I quit my desk job 4.5 years ago. Worked at home up until last month. In that
time I've had two kids (eldest now 3) and every day of their lives so far
they've had both parents at home with them. I work weird hours, sometimes
starting early, some times finishing late....all just depends on what needs
doing. The 3 hrs I'd ordinarily spend commuting, I spend with my kids.

Now things are a little different. We have a startup with actual employees and
that means office time. It's much harder now, but it's really just the commute
and the time away that is difficult.

Like any job, it's up to you to balance your life how you see fit. Being your
own boss at the very least gives you flexibility you'll never see in a desk
job. So I think startups are perfect for work/life balance.

------
onlawschool
Dennis Chookaszian, former CEO of CNA Insurance Companies, recently told me
"Pick Two: Work, Family, Personal. I have never known anyone to be successful
at all three." This message resonated with me.

Chookaszian has chosen work and family. By all accounts, he has been very
successful professionally and the stories he recounts about his family,
casually woven into almost every conversation I've had with him, I am lead to
believe that he has also managed to maintain great relationships with his wife
and children.

In order to pursue successful and meaningful work and family lives, he had to
give up his personal interests. As a young man he loved working on cars. He
got a great deal of enjoyment out of fixing up old Porshes. About 30 years ago
he purchased a Porshe that needed an engine rebuild. He took the engine out of
the car and began working on it. Meanwhile, he got married and had children.
Where is that engine today? It sits, neglected, in the same place and
condition that he left it in 30 years ago. "I now know that engine will still
be sitting there long after I am gone," he quipped.

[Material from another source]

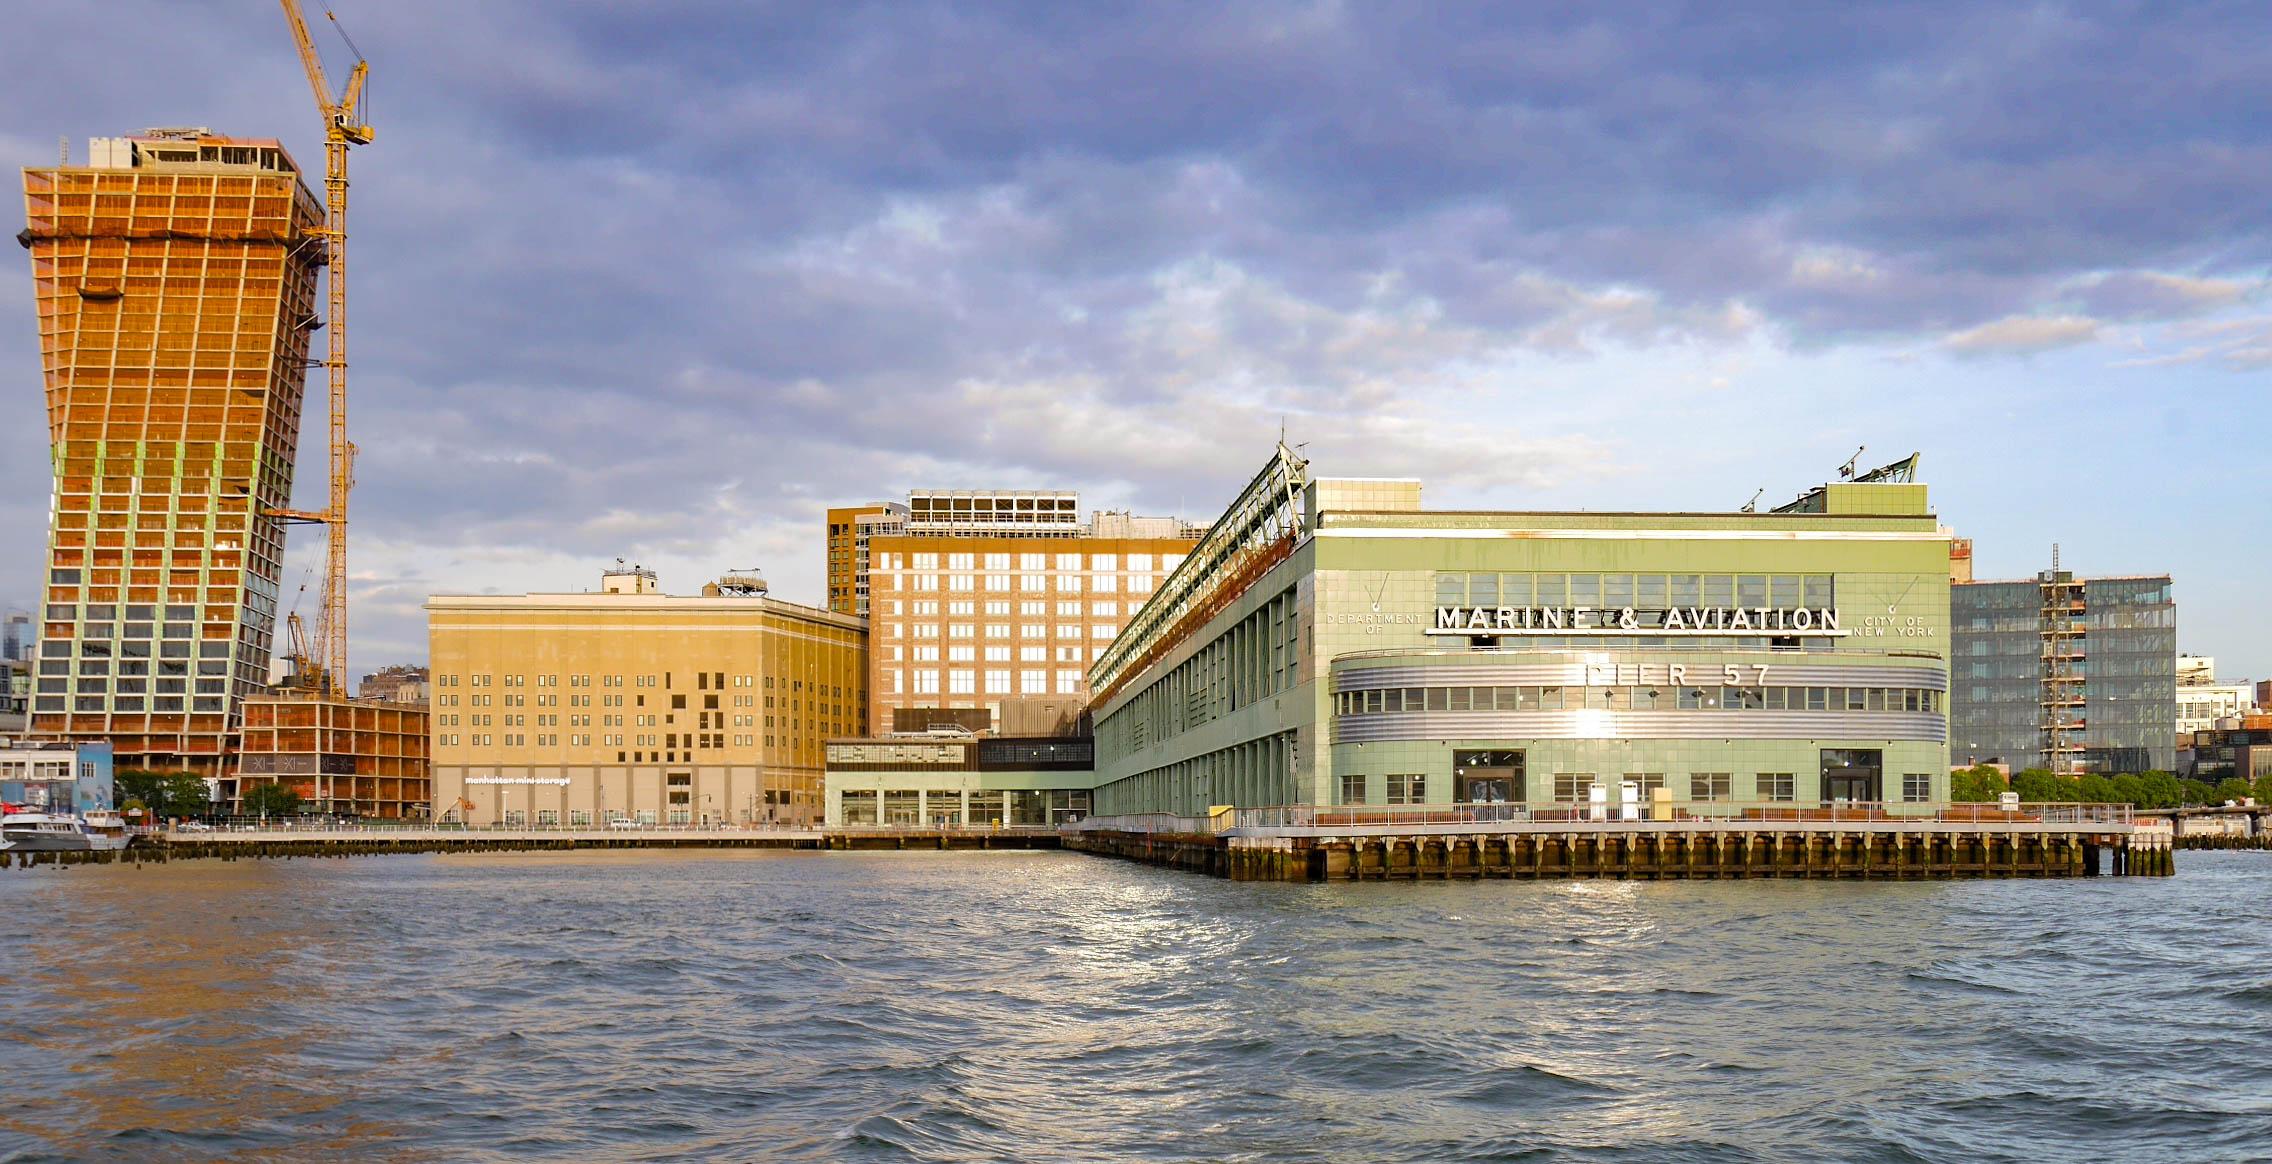 Marine & Aviation - Pier 57 - NYC

In that same conversation, he also made another keen observation: "When
someone says that they want 'work/life balance,' what they really mean is that
they don't want to be in an executive position." For CEOs of successful
companies, there isn't such thing as work/life balance. If you want that
balance, you can be successful in middle management, but only those who are
truly passionate and dedicated to their work make successful CEOs.

To illustrate the point, he mentioned a recent email he received from the CEO
of a company. Chookaszian is a director on the board of the firm, and the
company was dealing with a crisis. The CEO wanted to let him know that he
would be out of town for about a week on vacation. The notion that someone
would follow through with vacation plans in the midst of a company crisis was,
in his view, absurd. "As a director, when I heard news of the company crisis,
I cut short my ski trip with my wife and flew home on the next flight in order
to deal with the issue." If the CEO felt that his vacation plans superseded
his obligations as a CEO, it wasn't likely that he would have a job to come
back to after his trip.

This doesn't mean that you can't have a solid relationship with your family.
However, success in business requires that you first fulfill your obligation
to the company and its constituents. That duty will require sacrifice. It will
require long hours at the office, vacations cut short, and kids' soccer games
missed. When there is a critical decision to be made at the company, that must
come first. The additional difficulty in the start-up context is that, in a
company's infancy, critical decisions are being made almost constantly.

However, it also doesn't mean that you can't maintain happy relationships with
your family members, but something has got to give. Namely, personal interests
must be sacrificed.

Work, family, personal. Pick Two.

------
petercooper
_But do you have to be willing to give up a real bond with your kids to be an
entrepreneur?_

I don't think so. I work about 60 hours a week and despite that I spend about
3 hours per _work_ day with my daughter (more than most of my salaried friends
can pull off) and 2 full days a week "off" with her too (although I then often
work after she's gone to sleep).

I think the real danger is lengthy commuting or needing to be away from home a
lot. Not every business requires this, but for those that do, it's those
multiple nights aways and lost meals, bathtimes and bedtimes that could eat
away at the bond. Pick your battles wisely, though, and you can keep it up.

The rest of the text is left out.